The paper is fairly readable. There are a few minor typos, but nothing major.
As far as I can tell, the main results are quite exciting.
By basing their study off a task that has also been used to study similar aspects of transformers empirically in the past, the paper does provide some linkage to the broader literature.

Weaknesses:

While the limitations and assumptions are acknowledged well in the paper, their downstream impact on the generalizability of the results is not clear to me.
Because of the clause-embedding mechanism, and lack of other positional encoding, it is unclear to me whether these results actually correspond as well to CoT as the authors claim, in which the structure of the sequence (and thus the attention mechanism) is substantially different.
The experiment could benefit from a non-CoT baseline to display the difference in length generalization empirically. (I realize empirical performance is not the subject being studied here, but it would give some sense of the practical implications of the very theoretical results.)

问题

Suggestions:

Please enhance the legibility of Figure 1 substantially. The text is impossible to read when printed out.
Please add a non-CoT baseline to your experiment to give some credence to the impact on downstream performance implied by your theory.
Some typos:
- P.3, Theorem 1.2, second bullet point: "from its own outputs**, .**"
- P.4, example of LEGO sentence: in answers, $x_L$ should likely be $x_{L'}$
- P.4, in Eqn (2), $L$ should be $L'$ (per the preceding sentence)
- P.9, "Note that in by"
- P.9, Experiments, "transformer with attention with two atetnion heads"

Questions:

If I understood your construction on P.5-6 correctly, your transformer in effect uses the same projection matrix $Q$ for the queries and keys, while not using a projection at all for the values. Is that correct? If so, why is this not explicitly listed as an assumption in the paper, since it does not correspond to the more general transformer architecture?
Assumption 3.4 appears to be very strong. Could you help me build some intuition for why this is necessary? In particular, why $(p, q) \notin \{(4, 3), (4, 4)\}$ ?
My understanding is that your clause-wise embedding structure is what allows the model to disentangle the differing meanings of the tokens without positional encodings. Is that correct? If so, how well do you expect that your results would carry over to a RoPE (or other PE) setting in which the clauses are not hard-coded to be separated, as is the typical case in language modeling?

局限性

Please see questions above.

最终评判理由

My primary concerns revolved around the original paper being a bit unclear about (1) how the assumptions affected the applicability of the theoretical results to real-world models, and (2) why those assumptions were needed in the first place. I think the authors' have substantially improved the paper in both of those respects during the rebuttal and am confident that the final paper will be clearer.

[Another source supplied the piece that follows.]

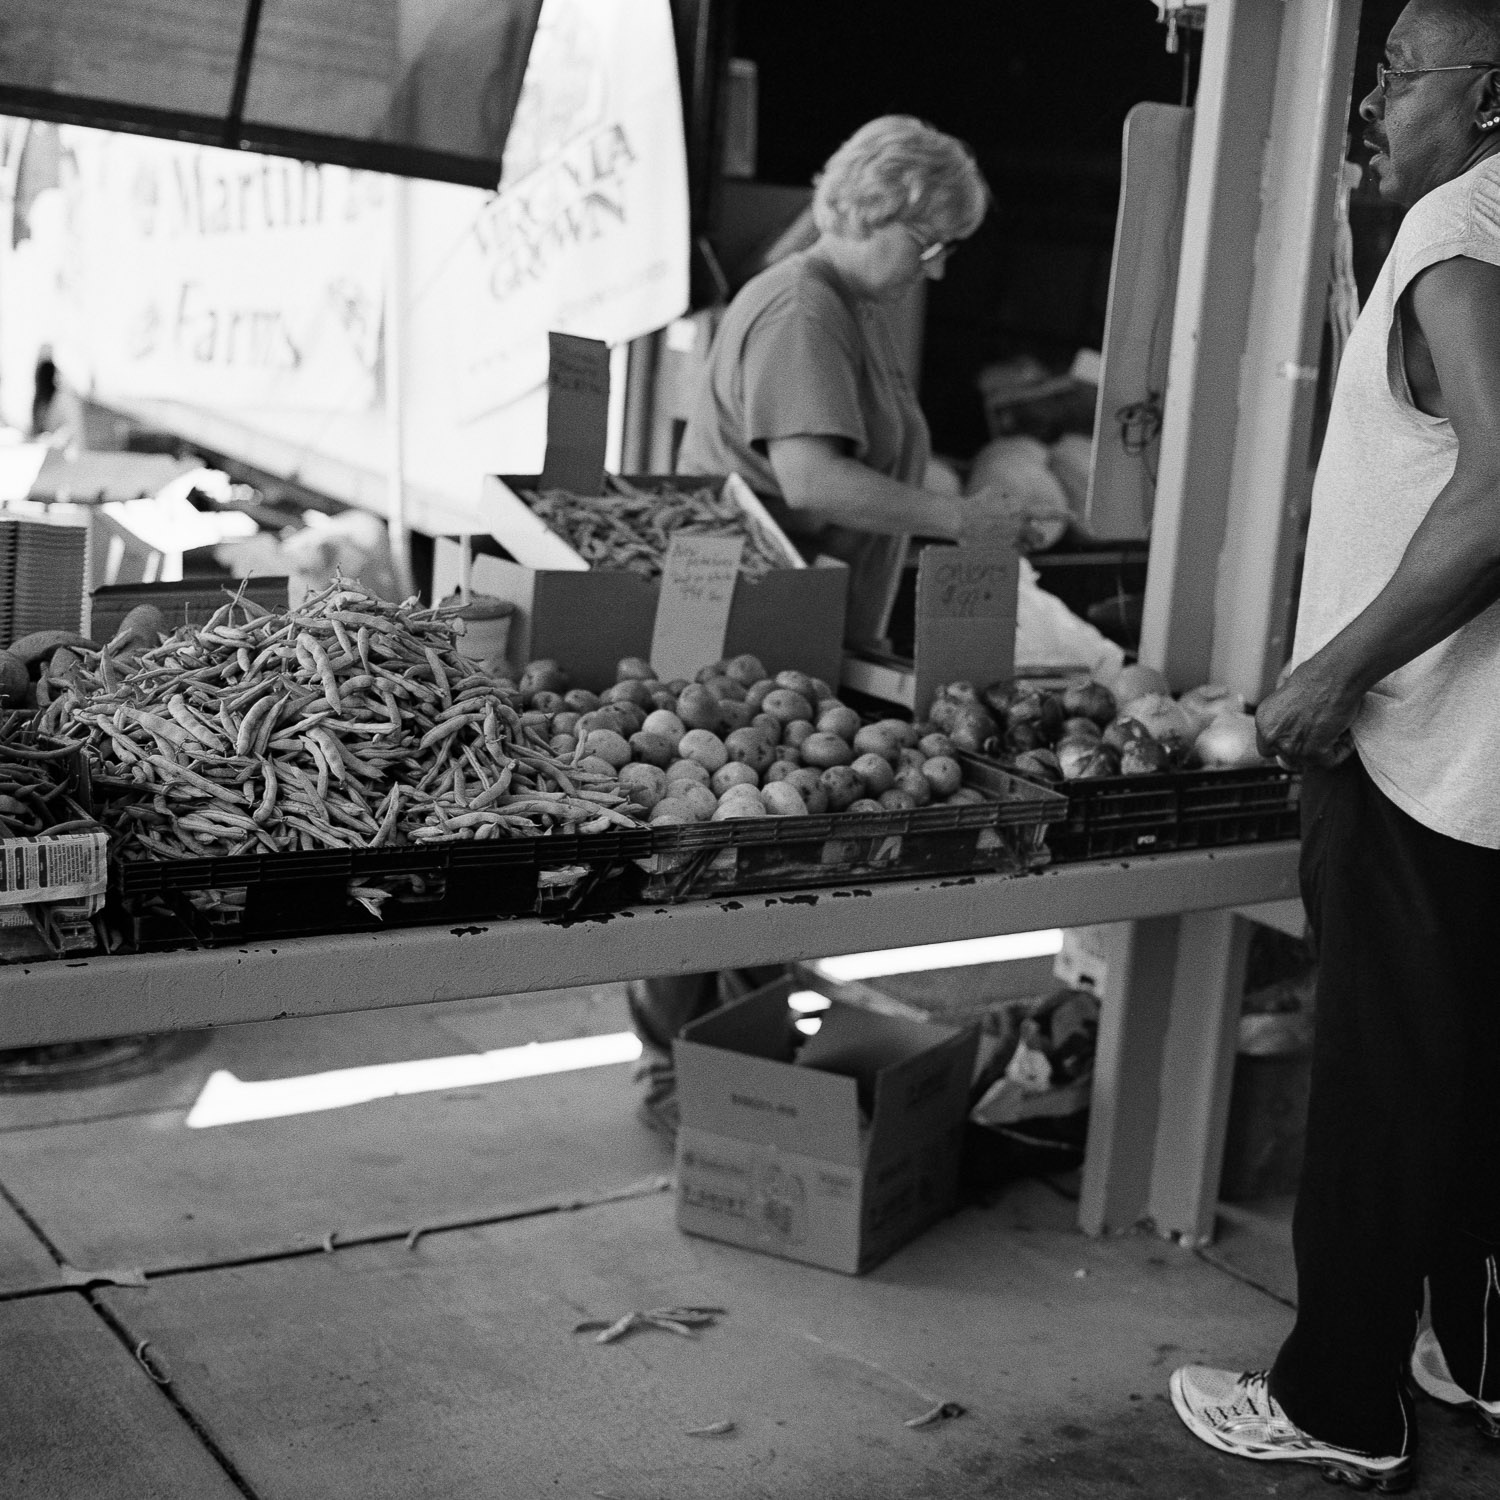 person buying produce at the farmers market

I also had some concerns about the empirical results being presented. These have been extended and improved upon (in scope) during the rebuttal; I still think they are a bit too small and naive to really say much about how the theory here extends to practice, but I do not assign much weight to this as I do not believe it to be a realistic goal that every theoretical contribution to the literature should also have to include experiments with state-of-the-art models (as long as the theoretical connection between the two is clear). In particular, I do not share vE9B's apparent sentiment that the experiments are grounds to reject the paper on.

I therefore update my score to 5 - Accept. However, I note to the AC that this branch of theoretical modeling of transformers is not my main research area, and so I have limited my confidence score to 3.

格式问题

None

作者回复

2025-07-31

We thank the reviewer for providing the valuable feedback! We will enhance the readability of the figure and fix the typo in the revision. Below we address your concerns.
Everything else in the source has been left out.